Es verdad que no tenía amiguitos con los que jugar. Claro que estaban sus compañeros de la escuela, pero la mayoría eran mayores que ella, y no querían saber nada con niñas tontas y repelentes.
Y estaban “los otros” compañeros. Jugaba con ellos en el recreo, pero a la salida de clase, se iban a sus tiendas, en las afueras del pueblo. Nunca entendió porque no podían venir a su casa, a jugar con sus muñecas. Mamá había dicho que no podía ser, y ya estaba. Mamá era la maestra de todos los niños del pueblo, y si ella lo decía, no se podía discutir.
El día del año que más le gustaba, era el de su cumpleaños. Ese día, todos los niños del pueblo se reunían en la escuela, y le traían regalos. Venían limpitos y arregladitos, y con zapatos y pantalones. Las niñas se lavaban el pelo, se lo peinaban, y se volvían a hacer esas trencitas que Mamá no le dejaba hacerse (cogerás piojos, le decía). La Niña se sentía como una princesa de cuento, y agradecía todos los regalos con una sonrisa, aunque se repitieran las mismas cajas de caramelos, los mismos lápices de colores, y las mimas muñecas todos los años.

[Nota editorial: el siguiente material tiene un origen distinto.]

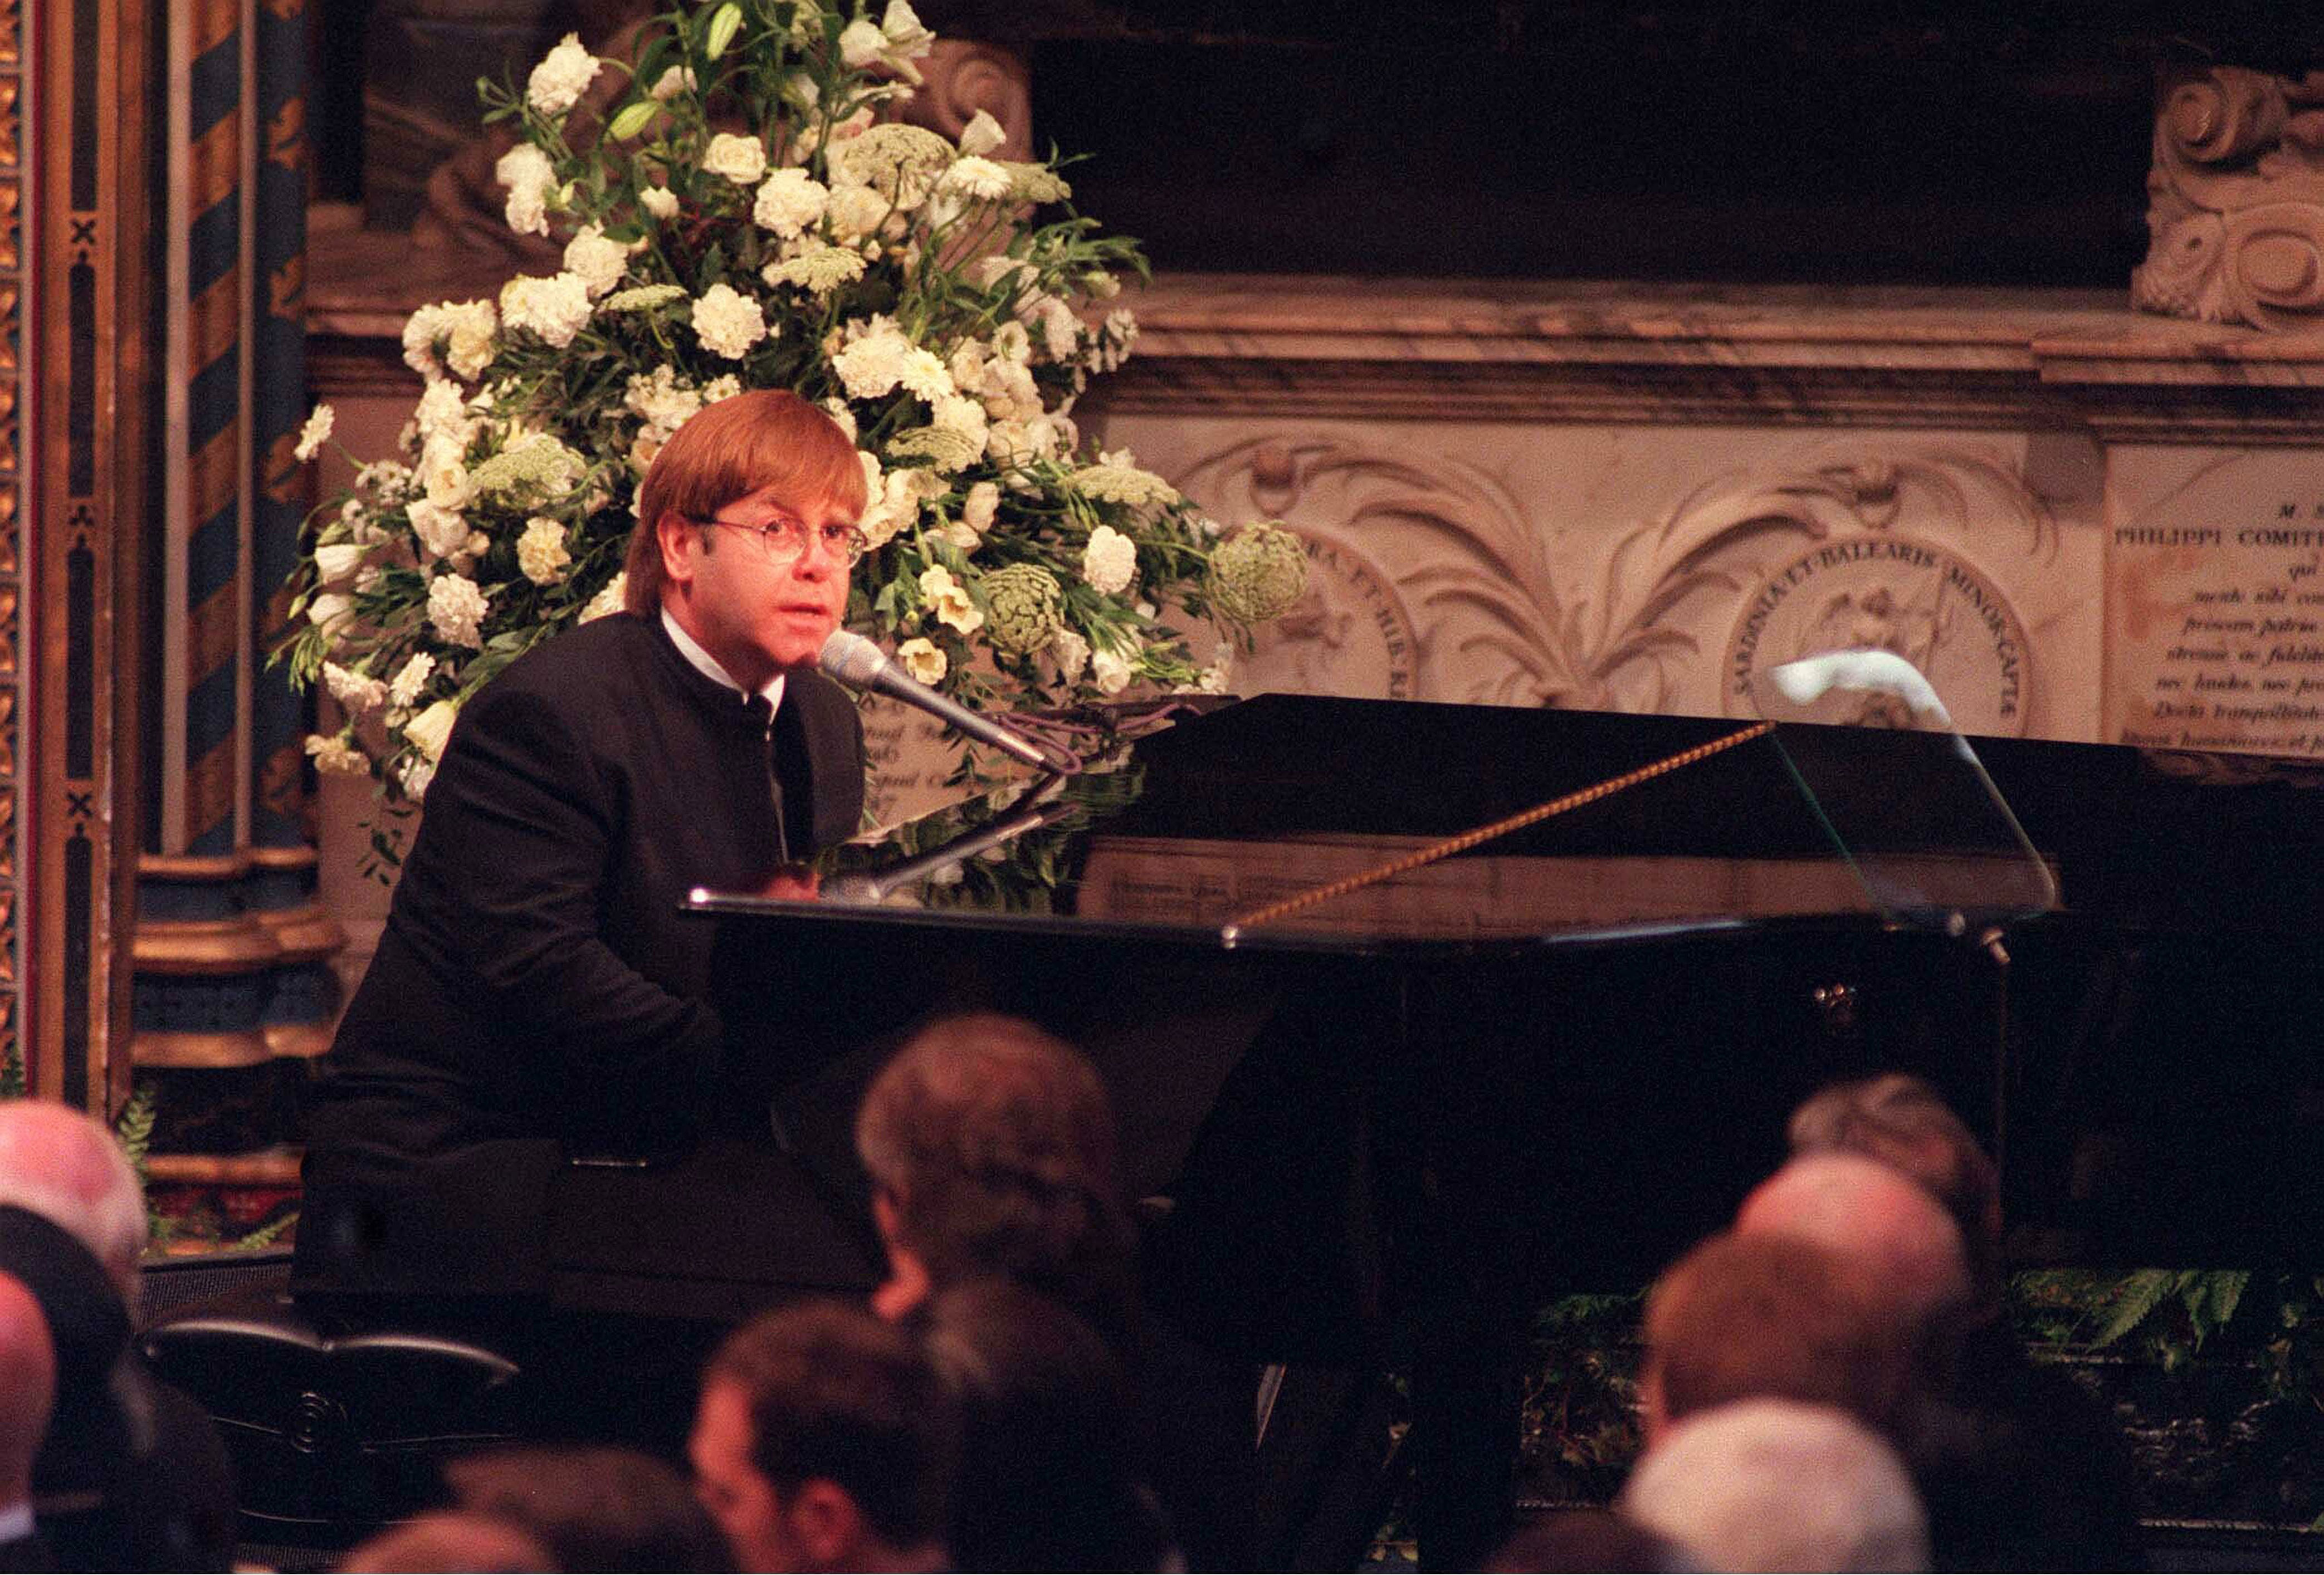 <p>Sir <a href="https://www.wonderwall.com/celebrity/profiles/overview/elton-john-977.article">Elton John</a> performed "Candle in the Wind" at the funeral of his close friend Princess Diana at Westminster Abbey in London on Sept. 6, 1997.</p>

Las Navidades iba a casa de su abuelita, después de un viaje de muchas horas de avión. Quería mucho a su abuelita, porque le daba regalos, y le consentía todo. Pero no le gustaban sus primos.
Sus primos le decían cosas feas, la llamaban pequeña salvaje, y se reían de ella porque no llevaba zapatos. Además, le daban miedo los ascensores, y los coches. La gente en la ciudad iba siempre muy deprisa, y no conocía a nadie por las calles. Y sobre todo, no se oía el mar.
Cuando en enero volvían a casa, se sentaba muy quieta en la puerta, y se dejaba bañar por la inmensa claridad del cielo, el calor de la arena, y el rumor de las olas.
Los veranos eran mucho mejores, porque los pasaba con la otra abuelita, las dos solas, en el campo. Allí aprendía a cuidar las plantas, y las gallinas, y se asombraba de ver los enormes árboles que guardaban la casa. En su pueblo no había árboles, solamente un par de arbustos raquíticos, en la plaza de la iglesia.
La niña era feliz, con sus libros, sus juguetes y sus animalitos, no concebía otra forma de vida que no fuera esa, no le gustaba la vida de la ciudad.
Pero un verano, cuando ya tenía ocho años, al volver a su casa, después de haber pasado el verano en la granja de la abuela, notó que algo pasaba.
La escuela estaba prácticamente vacía. No estaban sus compañeros, ninguno volvió de las vacaciones. Y los otros, también se estaban yendo, en la clase quedaban tan pocos, que cabían en las dos primeras filas.
Mamá y Papá estaban intranquilos, nerviosos. Papá dejó de ir a la fábrica de harina de pescado, y estaba todo el día escuchando la radio.
Les oía discutir por las noches, en voz baja, para que no los oyera.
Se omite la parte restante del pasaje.